1. An electro-optical lens device comprising an optical lens coated with a layer of solid persistent electro-chromic material, an ion-conducting layer, a pair of elec-trodes in contact with these layers, and means for applying direct current voltage to said pair of electrodes to create an electric field across said layers, said electric field being of such a polarity to alter light absorption characteristics of said material, whereby said absorption may be varied from substantially no absorption to a desired degree of absorption, so as to vary the amount of light transmitted through said lens.

2. The electro-optical device of Claim 1 compri-sing a laminar structure of said optical lens successively coated with a first transparent electrode layer, a solid persistent electrochromic film an ion-conducting layer and a second transparent electrode layer.

3. The device of Claim 2 wherein said persistent electrochromic material is W03.

4. The device of Claim 2 wherein said persistent electrochromic material is MoO3.

5. The device of Claim 2 including control means coupled to said electrodes for selectively applying across said electrodes a potential of one polarity a potential of the opposite polarity, and an effective short circuit.

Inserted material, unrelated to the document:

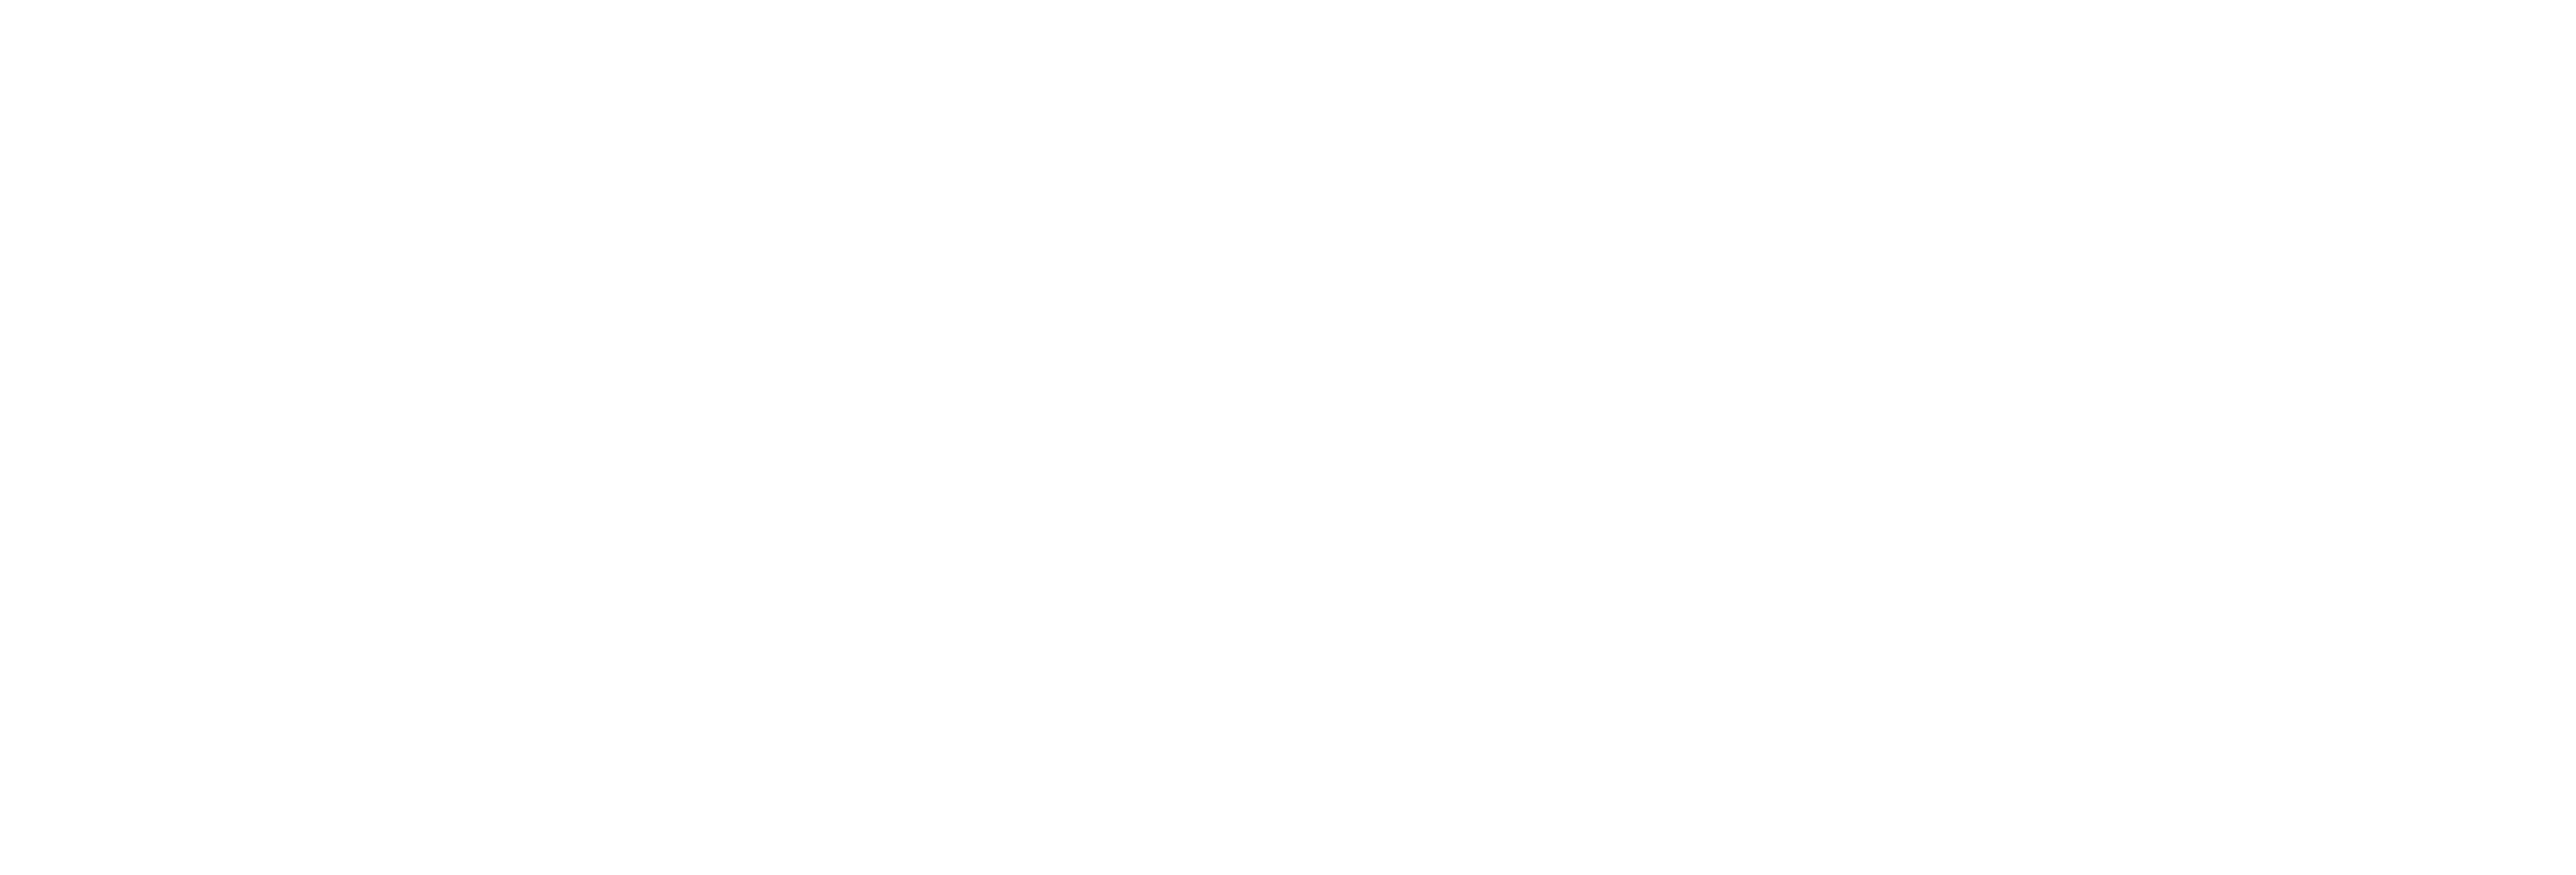 LifeSavvy Media W_White

6. A pair of ophthalmic glasses comprising:
first and second lenses mounted in a frame, said lenses each comprising an electro-optical lens as in Claim 1, and means at least partially disposed within said frame for accommodating application of direct current voltage to said pair of electrodes to create an electric potential across the persistent electrochromic material of one polarity and a potential of the opposite polarity, whereby the persistent electrochromic material can be varied in coloration so as to vary the amount of light transmitted through said lens.

7. The pair of glasses of Claim 6 including a photocell control means to adjust light transmissive properties of said lenses according to the degree of ambient light.

8. The pair of glasses of Claim 6 including individual control means for each respective lens, so that light transmission through each lens can be independently adjusted.

9. The pair of glasses of Claim 6 including a direct current power source disposed within said frame.